The integrated circuitry of ESP32-H2 requires only 17 electrical components (resistors, capacitors, and inductors) and a crystal. The high integration of ESP32-H2 allows for simple peripheral circuit design. This chapter details the schematic design of ESP32-H2.

The following figure shows a reference schematic design of ESP32-H2. It can be used as the basis of your schematic design.

ESP32-H2 Reference Schematic

ESP32-H2 Reference Schematic

Any basic ESP32-H2 circuit design may be broken down into the following major building blocks:

The rest of this chapter details the specifics of circuit design for each of these sections.

Power Supply

The general recommendations for power supply design are:

  • When using a single power supply, the recommended power supply voltage is 3.3 V and the output current is no less than 350 mA.

  • It is suggested to add an ESD protection diode at the power entrance.

More information about power supply pins can be found in ESP32-H2 Series Datasheet > Section Power Supply.

Digital Power Supply

ESP32-H2 has pin9 VDDPST1 and pin20 VDDPST2 as the digital power supply pin(s) working in a voltage range of 3.0 V ~ 3.6 V. It is recommended to add an extra 0.1 μF decoupling capacitor close to the pin(s).
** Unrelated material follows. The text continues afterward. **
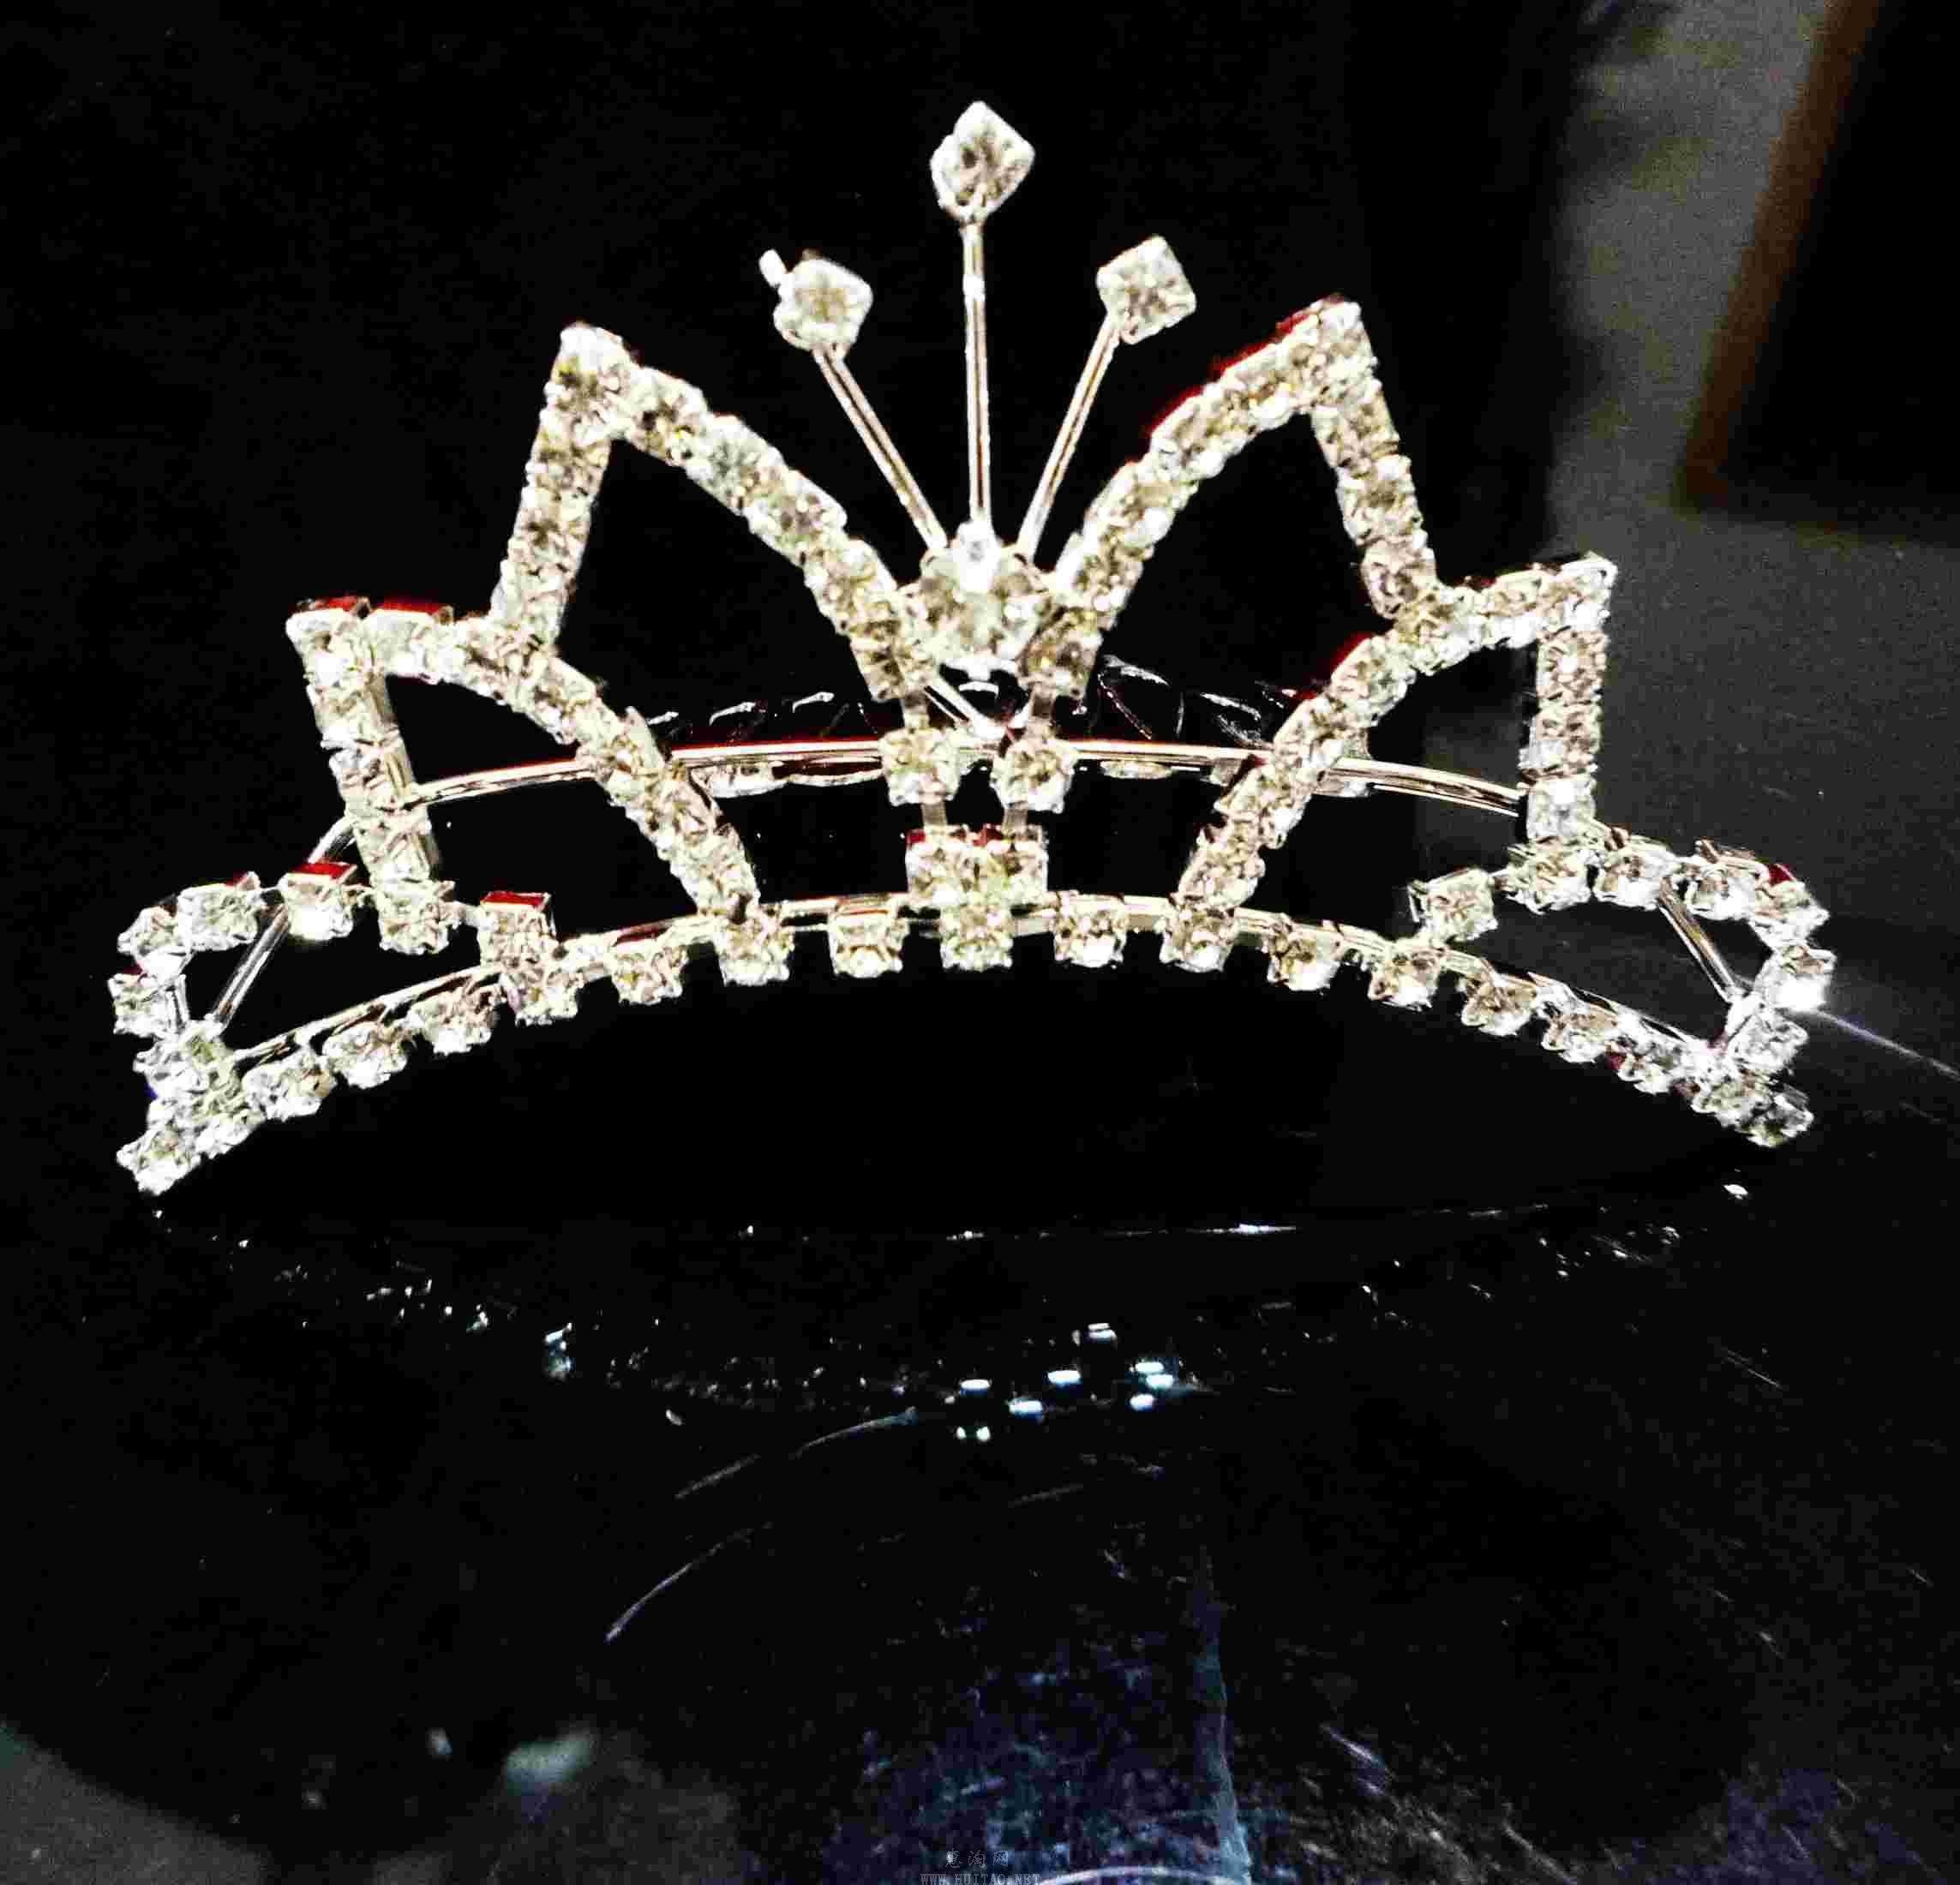 X017新款新娘皇冠项链耳环锆石三件套 韩式王冠串珠礼婚套装头饰-阿里巴巴

The schematic for the digital power supply pins is shown in Figure ESP32-H2 Schematic for Digital Power Supply Pins.

ESP32-H2 Schematic for Digital Power Supply Pins

ESP32-H2 Schematic for Digital Power Supply Pins

Analog Power Supply

ESP32-H2’s VDD3P3, VBAT, and VDDA_PMU pins are the analog power supply pins, working at 3.0 V ~ 3.6 V.

For VDD3P3 at pin1 and pin2, when ESP32-H2 is transmitting signals, there may be a sudden increase in the current draw, causing power rail collapse. Therefore, it is highly recommended to add a 10 μF capacitor to the power rail, which can work in conjunction with the 1 μF and 0.1 μF capacitor(s).

It is suggested to add an extra 10 μF capacitor at the power entrance. If the power entrance is close to VDD3P3 at pin1 and pin2, then two 10 μF capacitors can be merged into one.

Place appropriate decoupling capacitors near the other analog power pins according to Figure ESP32-H2 Schematic for Analog Power Supply Pins.

If VBAT is powered separately by an external power supply, R2 is not required and the operating voltage range is 3.0 V to 3.6 V.

ESP32-H2 Schematic for Analog Power Supply Pins

ESP32-H2 Schematic for Analog Power Supply Pins

Chip Power-up and Reset Timing

ESP32-H2’s CHIP_EN pin can enable the chip when it is high and reset the chip when it is low.

When ESP32-H2 uses a 3.3 V system power supply, the power rails need some time to stabilize before CHIP_EN is pulled up and the chip is enabled. Therefore, CHIP_EN needs to be asserted high after the 3.3 V rails have been brought up.

To reset the chip, keep the reset voltage VIL_nRST in the range of (–0.3 ~ 0.25 × VDD) V. To avoid reboots caused by external interferences, make the CHIP_EN trace as short as possible.

Figure ESP32-H2 Power-up and Reset Timing shows the power-up and reset timing of ESP32-H2.

ESP32-H2 Power-up and Reset Timing

ESP32-H2 Power-up and Reset Timing

Table Description of Timing Parameters for Power-up and Reset provides the specific timing requirements.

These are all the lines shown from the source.